Congratulations PeterJ on becoming the first Victorian as an elite member, have enjoyed your input, and thanks mate :wink:


----------



## PeterJ (Aug 29, 2005)

*CHEERS*


----------



## hairymick (Oct 18, 2005)

Yeah Peter,

Well done mate. Your posts are allways well considered, a good read and informative. I look forward to the next thousand mate.


----------



## PoddyMullet (Aug 29, 2005)

And thanks muchly on the launch/map/fishy spot info on various occaisons. 3 cheers


----------



## hoit (Aug 29, 2005)

Hi Peter,

congrats on the 1000 posts. Will we see you out on the water in your new yak soon.

Regards
Grant


----------



## YakAtak (Mar 13, 2006)

Dodge said:


> Congratulations PeterJ on becoming the first Victorian as an elite member, have enjoyed your input, and thanks mate :wink:


----------



## Dodge (Oct 12, 2005)

YakAtak said:


>


YA seeing you are using one of my wife's old scripts you will really have to grovel to get a fourth glass of port at bigW on the cool Saturday12th night :lol: :lol: :lol:


----------



## YakAtak (Mar 13, 2006)

Hehe, that smilie is a very popular one on a few other forums that I regularly visit, and thought this a prime oportunity to introduce it here.


----------



## Russ (Feb 24, 2006)

Bloody vic's their alway's stickin their bib's in :lol:

On a serious note PeterJ :roll: it is testimony to the professionalism and support afforded this site that we have members such as yourself and others that reach this milestone, which give beginners such as myself the opportunity to gain the neccessary experience that we need to challenge this great sport. Without the Elite members who form the backbone of site's such as this we would most likely be,

Up a creek without a paddle :lol: Yeh Yeh I liked that to 8) 

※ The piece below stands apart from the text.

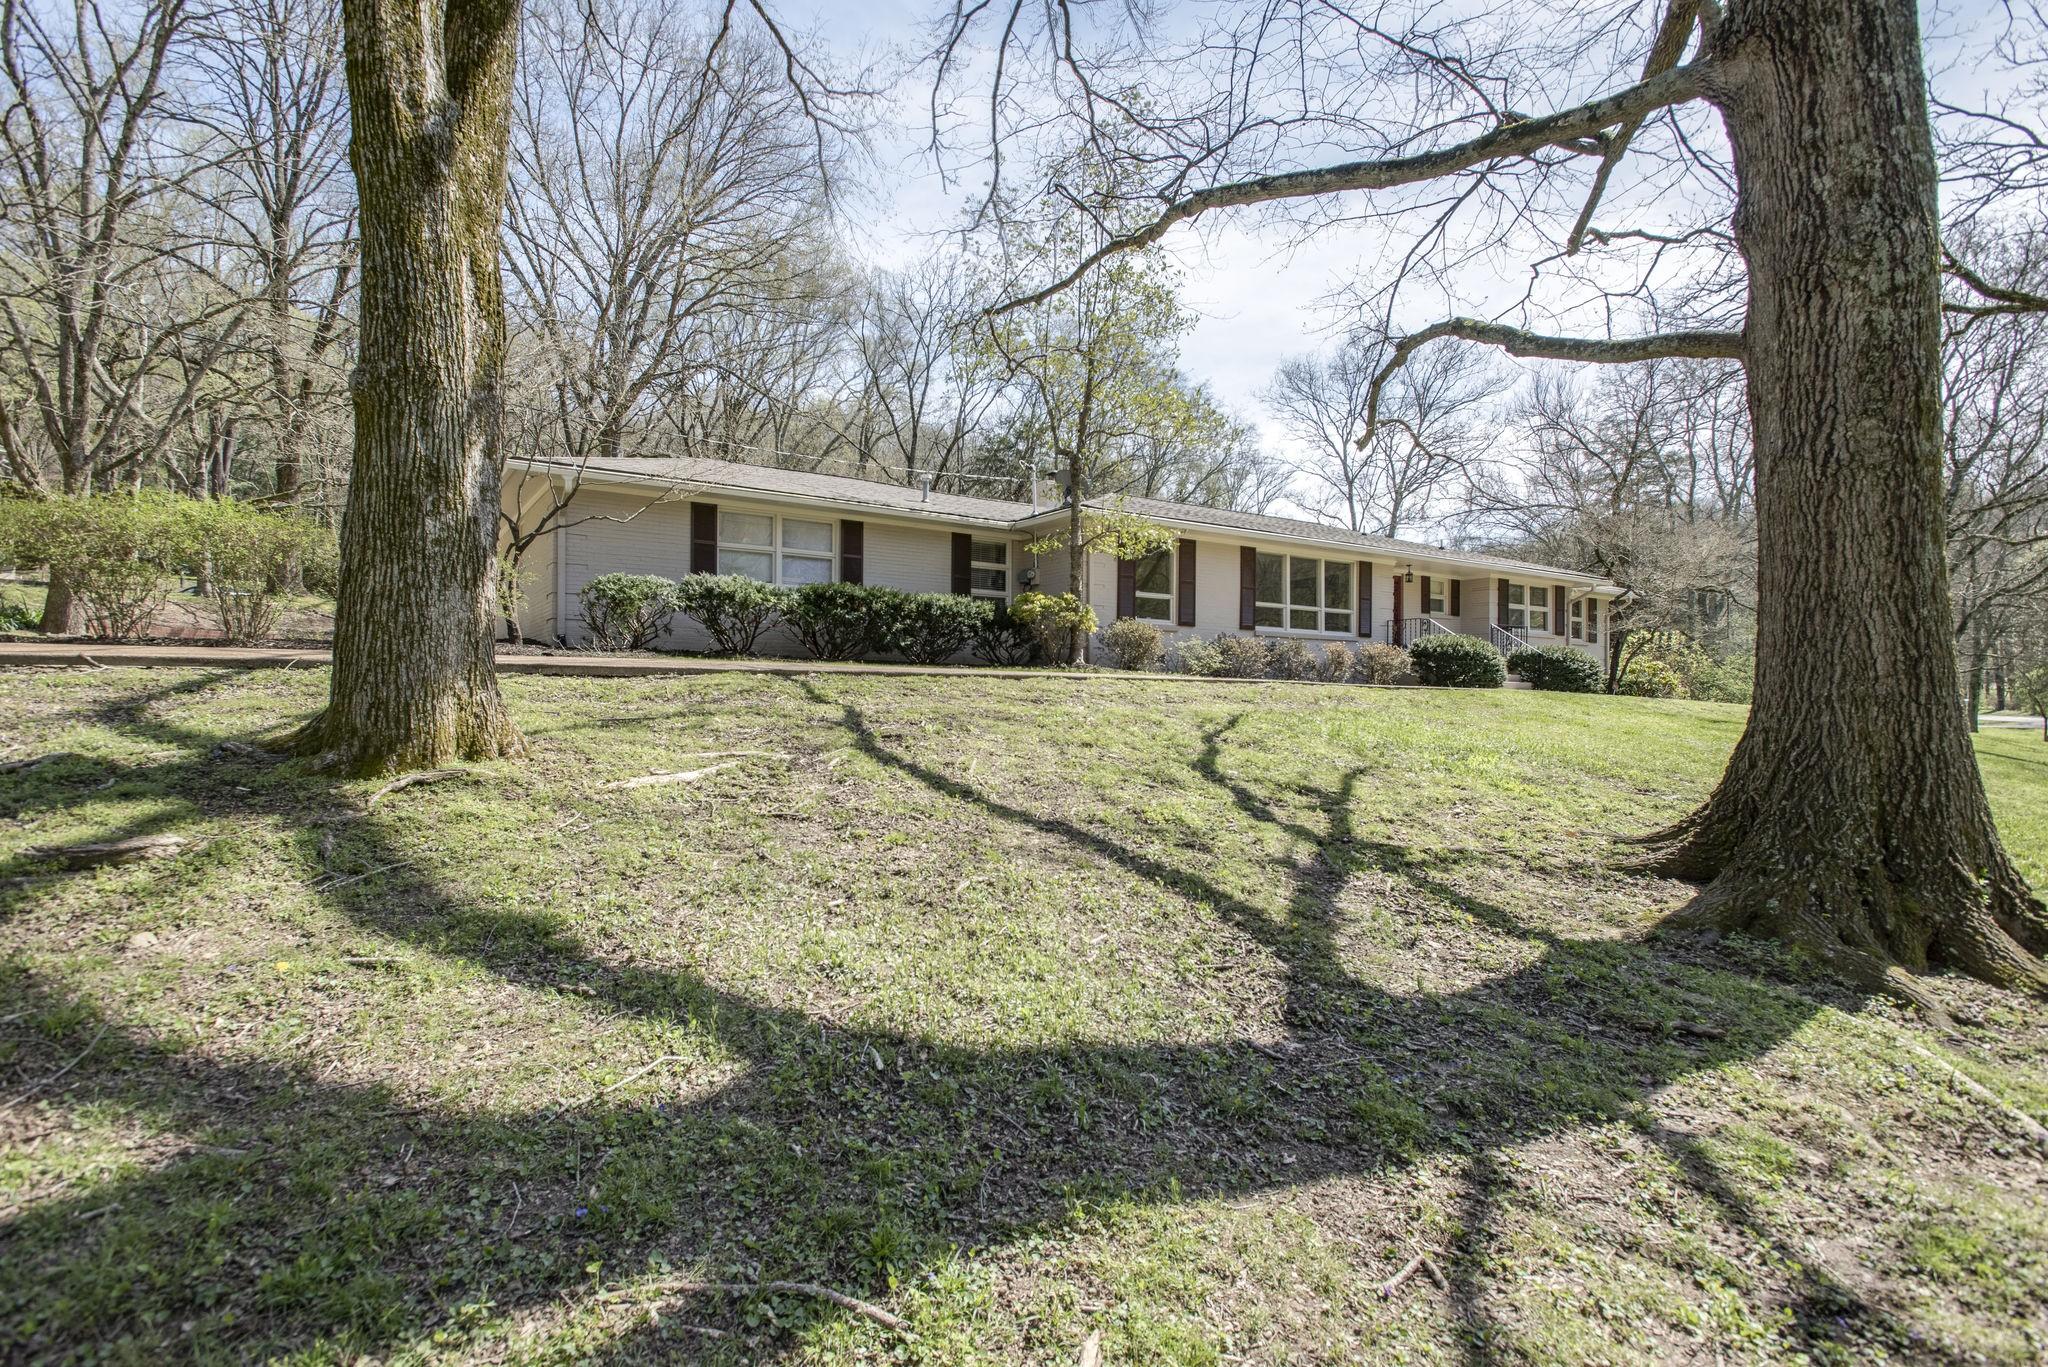 1812 Kingsbury Dr, Nashville, TN 37215 - Nashville, TN real estate listing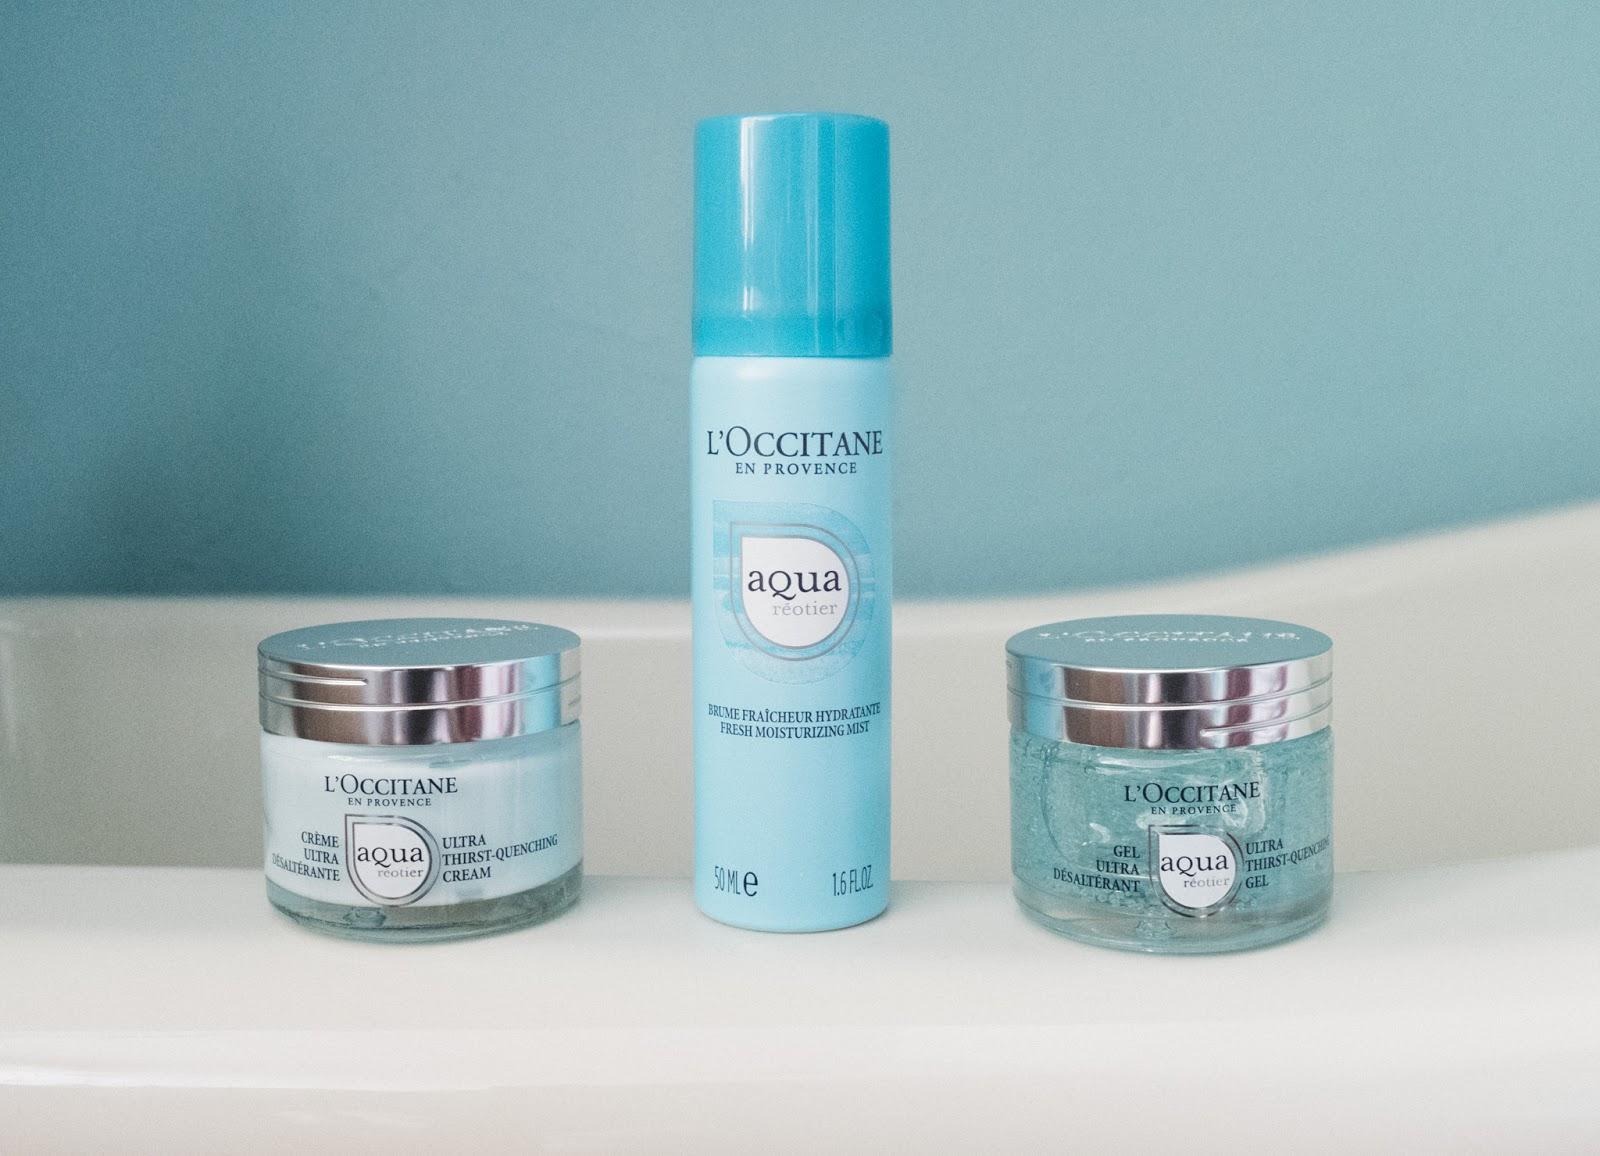 L'Occitane Aqua Réotier Collection

Congrats mate to you, and well down to all the elite members on this site.
and the rest of us to  
Now lets all have a group hug :wink:

 fishing Russ


----------



## Dodge (Oct 12, 2005)

Russ said:


> Now lets all have a group hug :wink:
> Russ


Russ from these comments can you confirm that a toyboy is plastic :shock:


----------



## PeterJ (Aug 29, 2005)

Yeah has taken a while, i guess i had other things to look after for a while there.
 
Thanks Occy 

Crikey Russ :shock:


----------



## Russ (Feb 24, 2006)

Dodge my ToyBoy's will be anything I want them to be 

Except a stink boat :twisted: I will never stoop to that sought of sordid trashy behaviour :roll:

then again

Take Troppo for example there are some issue's there I feel  I mean I think.

 fishing Russ


----------



## Guest (Jul 6, 2006)

Well done Peter 

We're seeing a few 'Granders' on here lately!!.......


----------



## rawprawn (Aug 31, 2005)

Good one Mr Duck


----------



## troppo (Feb 1, 2006)

PeterJ, congratulations. I don't know if I have read all ya 1000 posts, but I have enjoyed the ones I have read. Hope the rarified atmosphere of celibrity status doesn't make you too giddy! A little giddiness is okay, but too much increases the risk of yak capsize. All the best!!


----------



## Kevin (Aug 29, 2005)

Well Peter you certainly streaked ahead of the Mango field on this one. Poddy's coming a distant second.

I am still to meet you however I feel that I know you quite well thru the 1000+ interesting and informative posts.


----------



## PeterJ (Aug 29, 2005)

8)


----------